Hilarious beginning Greg! The hdd are so darn slow, the ssd has spoiled us all 😂 I had an older dell xps 8900, it came with a 2tb hdd if I recall. It would take forever to boot as well. I added an nvme ssd which made a massive difference. I also added an evga 1070 gpu and a much better air cooler and also added xtra fans for better cooling. It was my first venture into modding and building pc's! Happy holidays to u and your family!
This takes me back to the time when I had a Windows 10 system which used a hard drive as its primary boot drive. Yeah, that was... rough. SSDs have been an absolute godsend.
I am about to retire my current EVGA 970 i7 3770k build. I switched to an SSD back in 2011 and it was a game changer for speed. Never looked back. Only soon to be a secondary back of an external SSD
most people don't value the importance of great storage this explain the miles a part speed performance of an disk drive and a NVME... why the summer hair cut though put me a bit off but other than that a great informative video Greg. Happy holidays to you and you're beautiful family.
This is why I took the opportunity to swap my old spinning rust 8TB mass storage drive for an SN850X during the black friday week. I saw transfers of up to 2 GB/S once everything was off my HDD. ...I also took the opportunity to add second 8TB SN850X as an additional storage drive, replace my aging 2TB Corsair MP600 with a 4TB SN850X version, and another 4TB as a game drive.

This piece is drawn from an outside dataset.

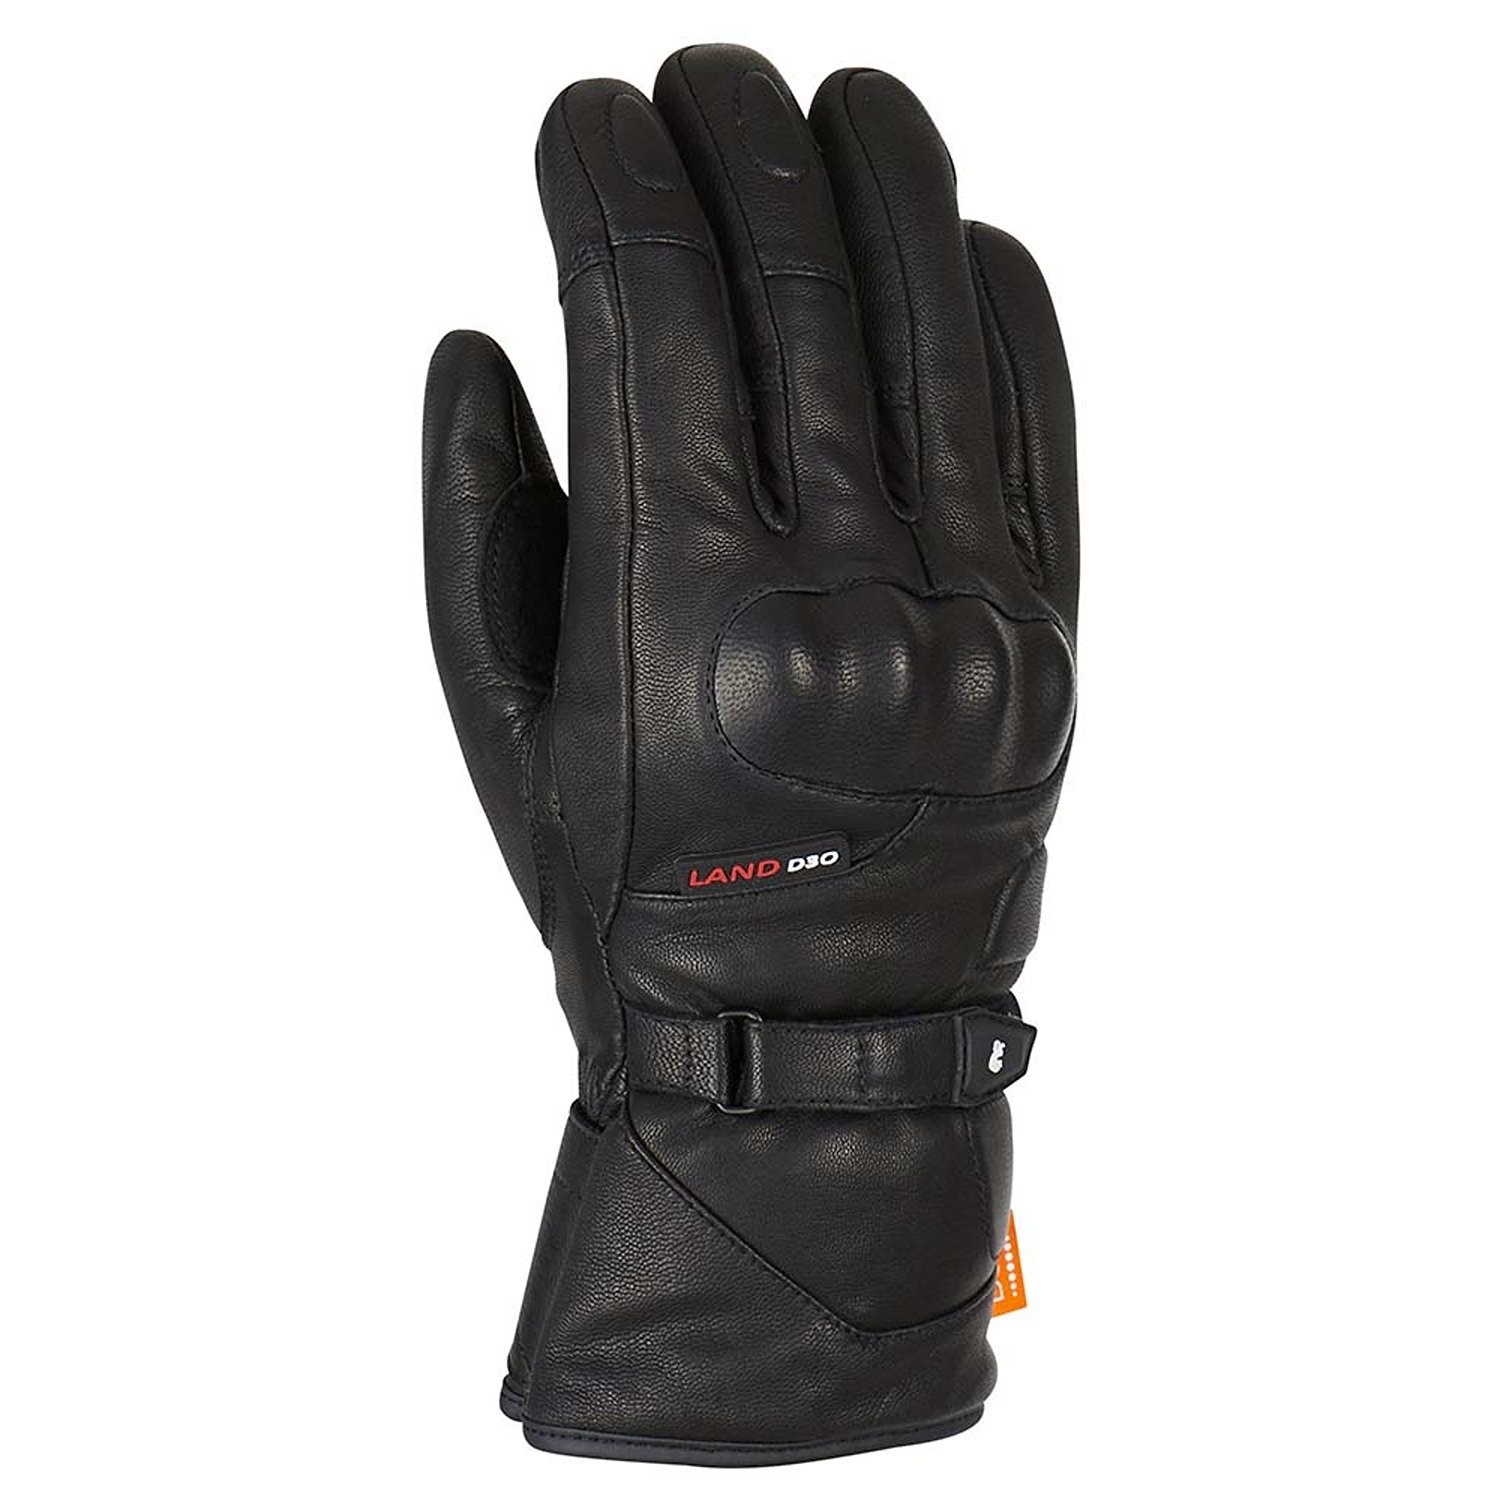 Image of Furygan Land DK D30 Gloves Black Size L ID 3435980358563

The hard disk in my brother-in-law's 8-year-old PC was defective. He didn't want to upgrade because he only uses it for the internet - “It's easily good enough for that.”. I still had an old 250GB SATA SSD lying around and installed it for him. His comment afterwards: “Ok, now you can really say ‘I'll quickly switch on the PC’.”
Nearly 4 years ago, I decided to buy an SDD for my Grandparents' computer because of how ridiculously slow it was. I chose a Crucial BX500 120GB. I replaced it for the HDD and I also did I clean installation of windows 10. It was a world of difference! The lag had completely disappeared, and much more pleasant to use afterwards. It really helps save some of your time. Anyhow, the 120GB capacity was enough since it was used for the windows installation. The HDD was moved as the secondary storage, so it's definitely worth considering. It only cost $19 USD so it's not like you're breaking the bank or anything.
I haven't booted from a HDD since 2010. It was an adjustment period, getting used to not being able to make a cup of coffee and do other stuff before the PC was ready.
Where would you suggest backing things up? I had an HDD that ran at least 15 years. It made all kinds of weird noises and I had to pound on it once in a while because it was making so much noise. I think it might have been indestructible because I can't tell you how many times I knocked the computer off the desk while it was running. I still have that old HDD, which is just a show of something that was really tough. I really liked this video.
Honestly Greg, the gpu doesn't even matter in this case. Its all that crappy storage. I love you making us sit there waiting with you. It was a great way to prove a point.
I had a Motion Computing tablet with a core solo 1.2 and a 4200rpm Zif drive, Windows XP was impossible to use on it. Found a 60gb Zif SSD and happy days. Great video.
Hello there indeed. And i have to say, this was quite an experience to wait for the pc to boot on a hdd. Never had a hdd for boot before xD Looking forward to the next video :)
@bretthibbs6083 that's good, this is my second wd blue drive, first was last year a 2 tb hard drive, still serves me well for games that don't need fast storage but gonna one day replace it with a SATA SSD. They make very good products for the money.
It is true everytime I'd get an older iMac or MacBook Pro, first thing I'd do was put an SSD, 2010-2013 ones specially, my favorites, makes things so much different. When it comes to PC's they always come with SSD's nowadays.
Good look, man! Also: yes. SSDs are awesome. Even on vintage systems - I mean early 16 bit systems like Amigas and older macs. CF adapters are such a boon to them. Also also, when I got my first m.2 system...man, it was night and day. It was like booting up my C64 back in the day!
These days, the only time i buy/use HDD's is for mass storage, and i don't buy anything under 20TB drives for spinning storage. (if you look around you can get re-certified 20TB drives for $250)
Yea, we need a Micro Center in the bay area again. There was one and then Covid hit, and the closed it. Micro Center we need a store in the Bay Area please!!!!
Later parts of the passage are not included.